The counties sit at different points on the football curve, with Mayo much closer to Dublin, notwithstanding their qualifier defeat to Kildare in June. With James Horan returned as manager of the county’s footballers, there is hope in Mayo again. Supporters believe they are the team best placed to challenge Dublin and upset the champions’ ambitions of an unprecedented five All-Irelands in a row. Keeping pace will come at a cost, though. The county convention was told of a decline in costs associated with the senior footballers in 2018, thanks to their early exit from the Championship. It cost €848,053 to resource the side this year, compared to €1,123,995 in 2017, when they were beaten by Dublin in the final.
That link between Championship success and increased cost was also illustrated in Limerick this year. Their inter-county preparation costs for 2017 (covering all teams representing the county in hurling and football) were €1,148,631. For this year, they were €1,429,218.
It was estimated that half of that figure went on the hurlers, who won the county’s first senior hurling All-Ireland in 45 years in August.
This is logical, and with success comes increased fundraising and sponsorship opportunities, but maintaining the balance between expenditure and sustainability is a challenge that treasurers raise in their end-of-year reports time and again.
Kerry’s expenditure on their teams for 2018 exceeded €1,000,000 despite the county failing to get past the Super 8s.
The decision to establish and maintain a training panel to coach those players close to the senior panel was cited as a reason, and it led to the treasurer, Dermot Lynch, proposing that panel sizes be capped at 32 players.

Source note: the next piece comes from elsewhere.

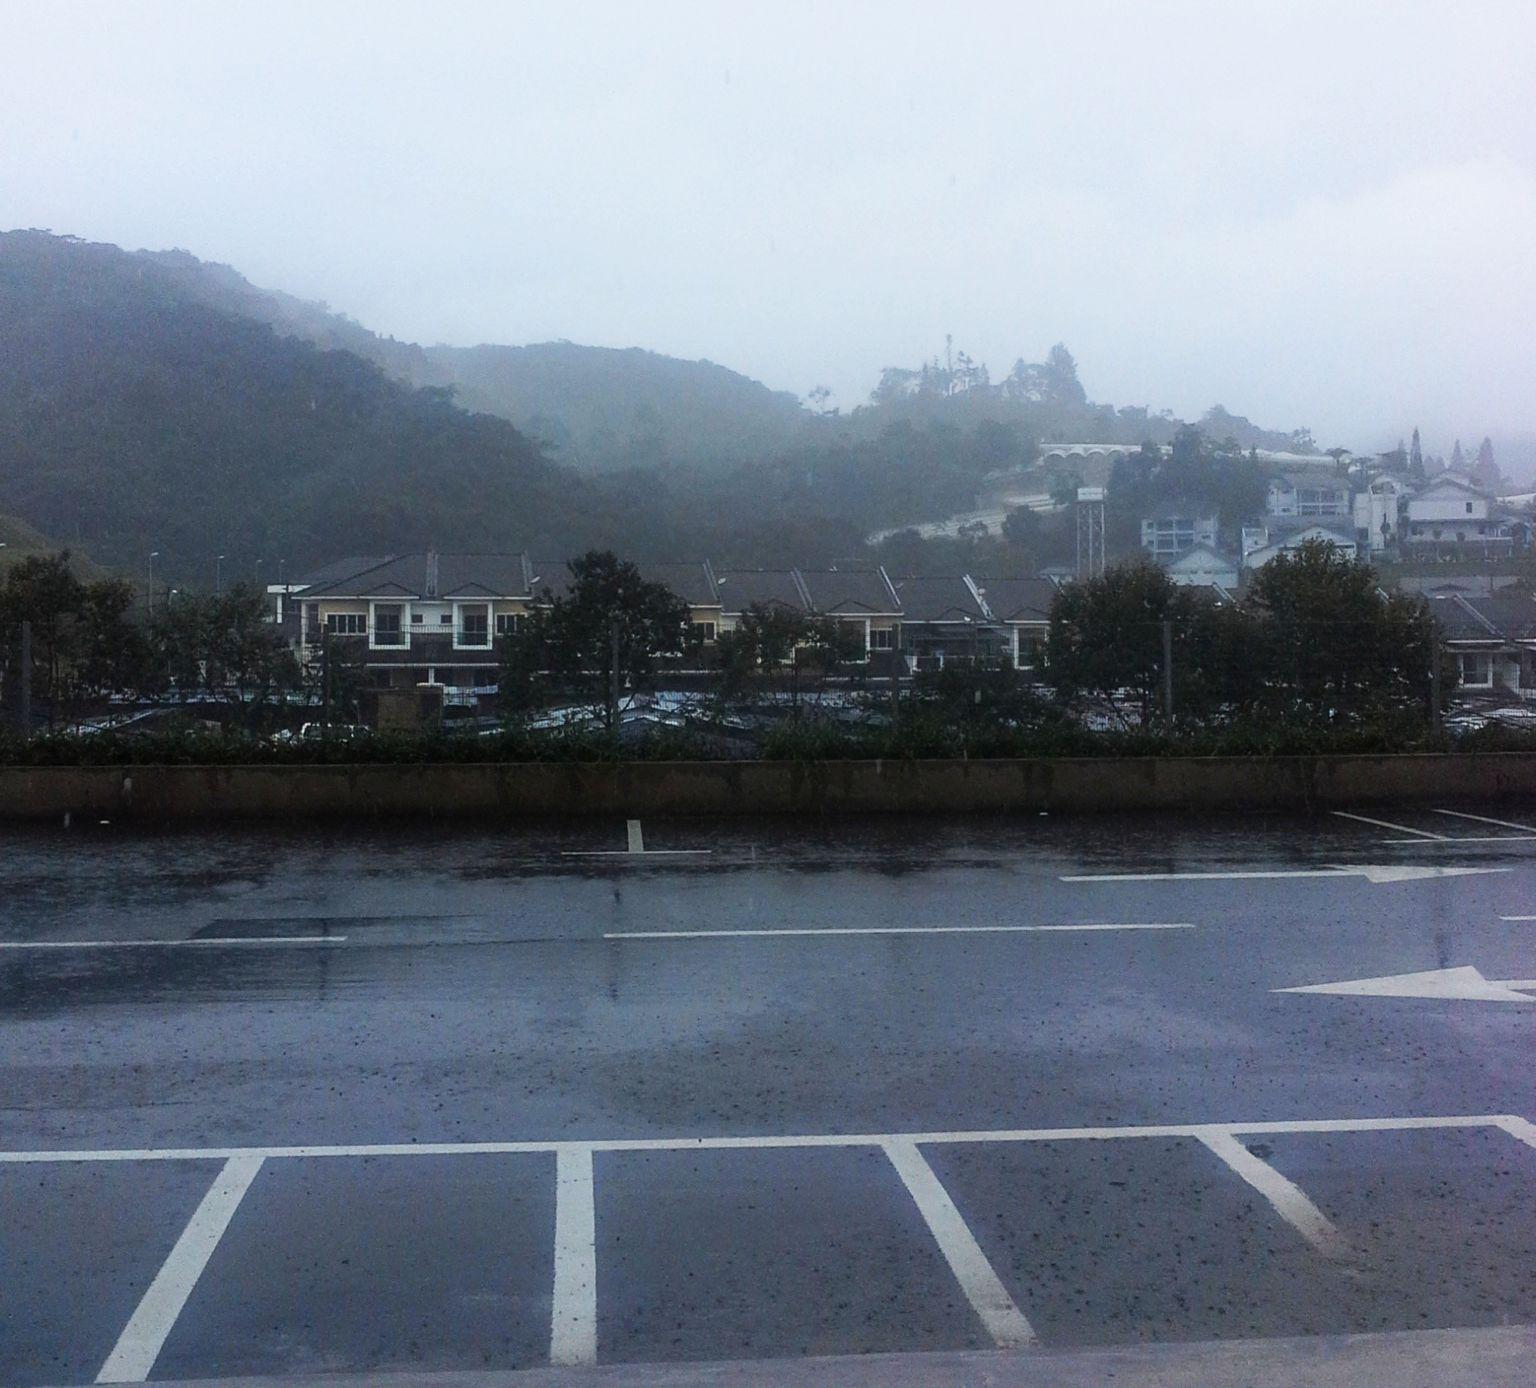 Raining at Cameron

Analysis of Dublin’s convention was dominated by a predictably colourful secretary’s report, but no financial figures were included. They are unlikely to vary greatly from the 2017 numbers; as serial contenders, Dublin’s costs are always high.
They also have the challenge, like Limerick, Cork and Galway, of maintaining two senior teams, in
hurling and football. Dublin’s inter-county spending for 2017 reached €1,604,353, second to Cork, whose costs were €1,747,609.

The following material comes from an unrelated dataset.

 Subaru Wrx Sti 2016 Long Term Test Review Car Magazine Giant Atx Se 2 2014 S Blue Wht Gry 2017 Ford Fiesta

Interestingly, Mayo were third on that 2017 list for overall intercounty spending, at €1,542,547. As outlined above, well over twothirds of this were absorbed by the senior team after they reached the All-Ireland final through the qualifiers.
Yet it is easy to understand why Dublin become frustrated with the attention on their financial status when their spending across the two codes is almost matched by Mayo’s, where the vast majority of resources are consumed by the county’s footballers.
Dublin, of course, call upon commercial strength that no other county can match — but the rest are trying to close in on them.
Mayo’s imminent employment of a commercial manager makes one wonder what has taken them so long (and the same point applies to Kerry). These are large counties who can count on huge support at home and among large emigrant communities.
Finding a way to monetise that support is the next step they must take in trying to keep up with Dublin.